There’s simply not enough time in the day to get everything we need to get done. There are many psychological and physiological reasons that long-term stress is harmful, but the science of elite performance has drawn a different conclusion about short-term stress.

Studies that compare professionals with amateur competitors whether concert pianists, male rugby or female volleyball players show that professionals feel just as much anxiety as amateurs. The difference is in how they interpret their anxiety. The amateurs view it as detrimental, while the professionals tend to view stress as energizing. It gets them to focus.

Students on average spend two or more hours doing homework after school. And often more if they have to study and prepare for any tests and quizzes, which both can trigger stress. This type of stress day after day causes students to crack under pressure, leading to less motivation and more likely to result in bad decisions.

Junior Casey Raczkowski takes very advanced classes and says “I find it hard to not feel overwhelmed with the amount of work I get every night, but sometimes it’s out of my control.”

One thing that most students explained is that teachers need to realize that they have lives outside of school.

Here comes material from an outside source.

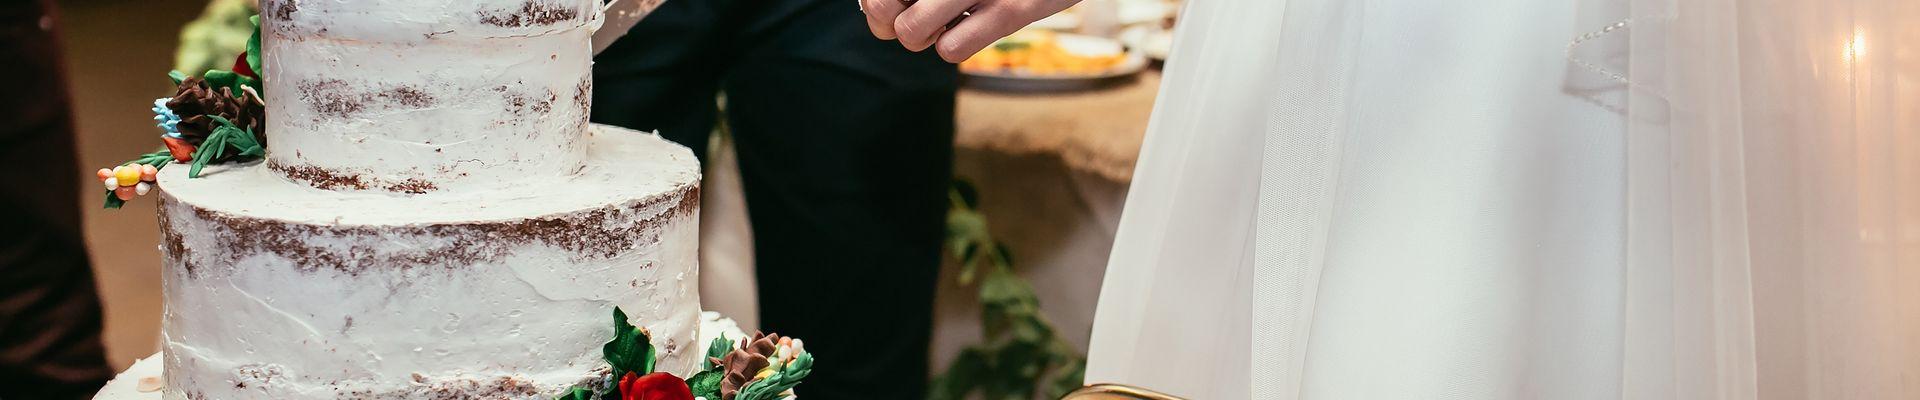 Patisserie, Hochzeitstorte, vintage Hochzeitstorte
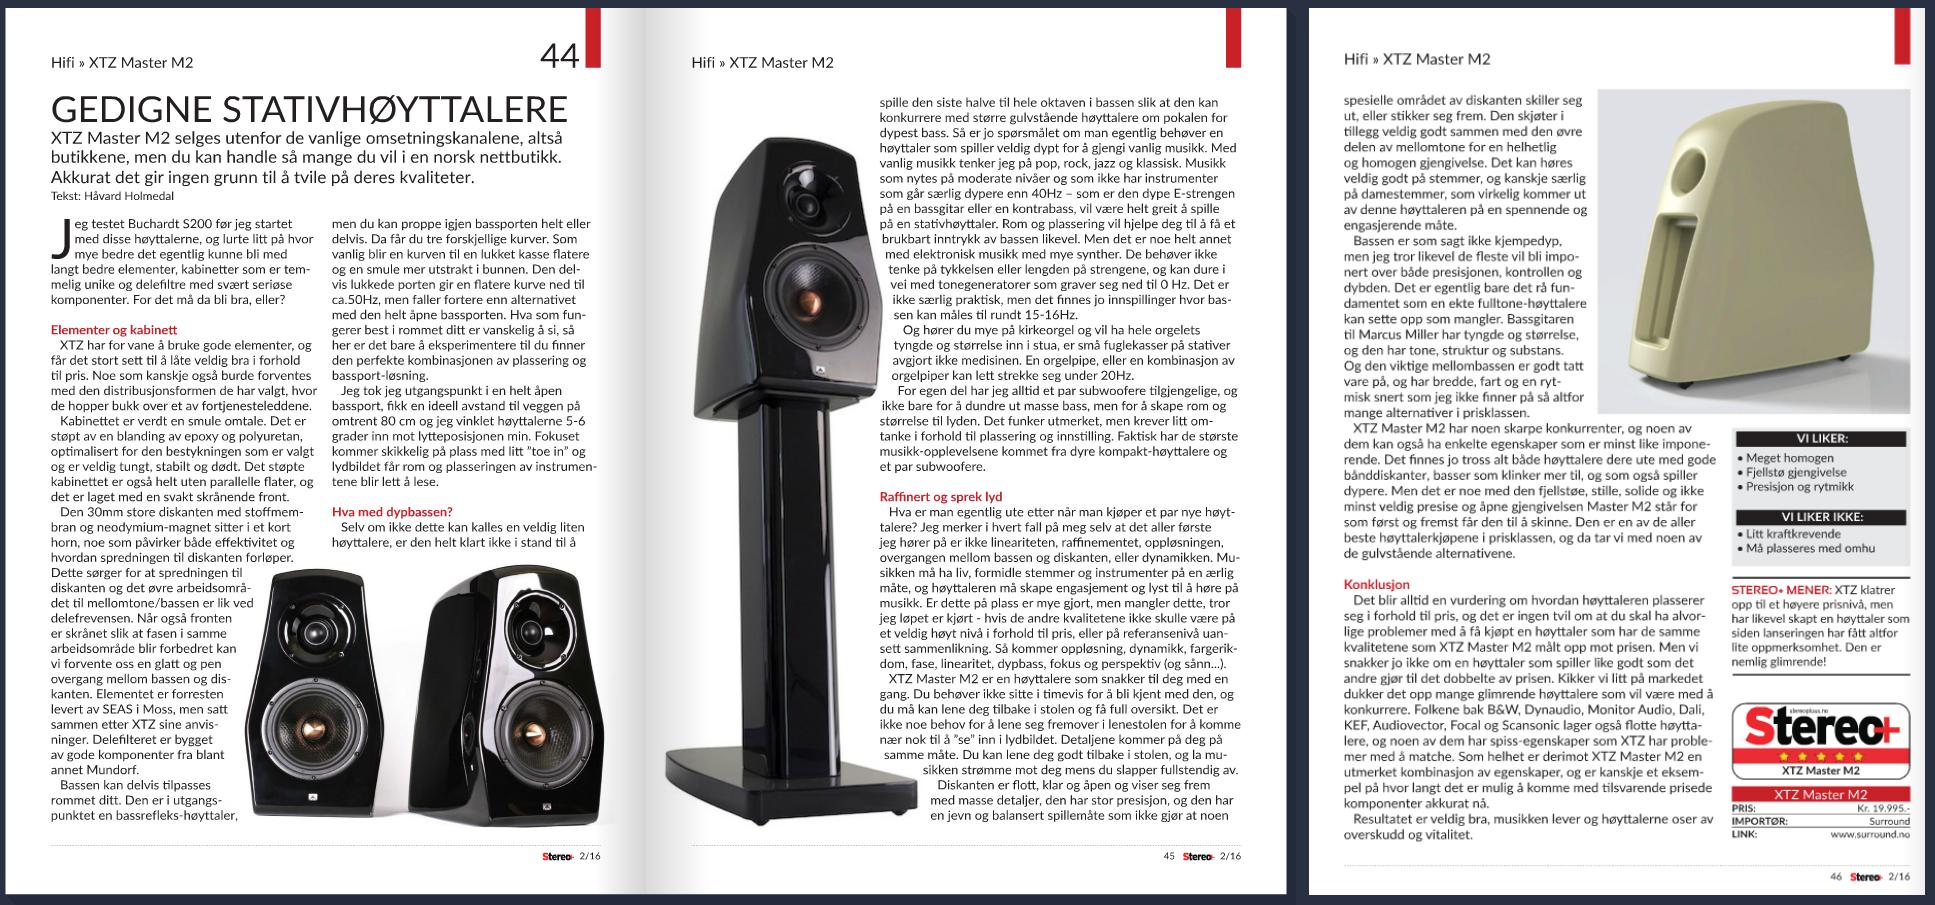 Master M2 Review - Surround/Bookshelf Speakers

On top of homework and studying for seniors in high school, the pressure of applying for colleges is immensely stressful. Deadlines, essays, good grades, and Capstone cause many seniors to feel overwhelmed. Senior Rebecca Withington says “It’s hard to catch a break with all the things us seniors have to get done, I can’t wait to graduate to feel relieved from this.”

Even on the social media site twitter people compose tweets complaining about the struggle that stress takes on to their everyday lives. @FactsInYourFace says “An overload of stress can cause the human mind to temporarily shut down.”

So, how much can you take til you’ve had enough? Will the workload for students continue to increase?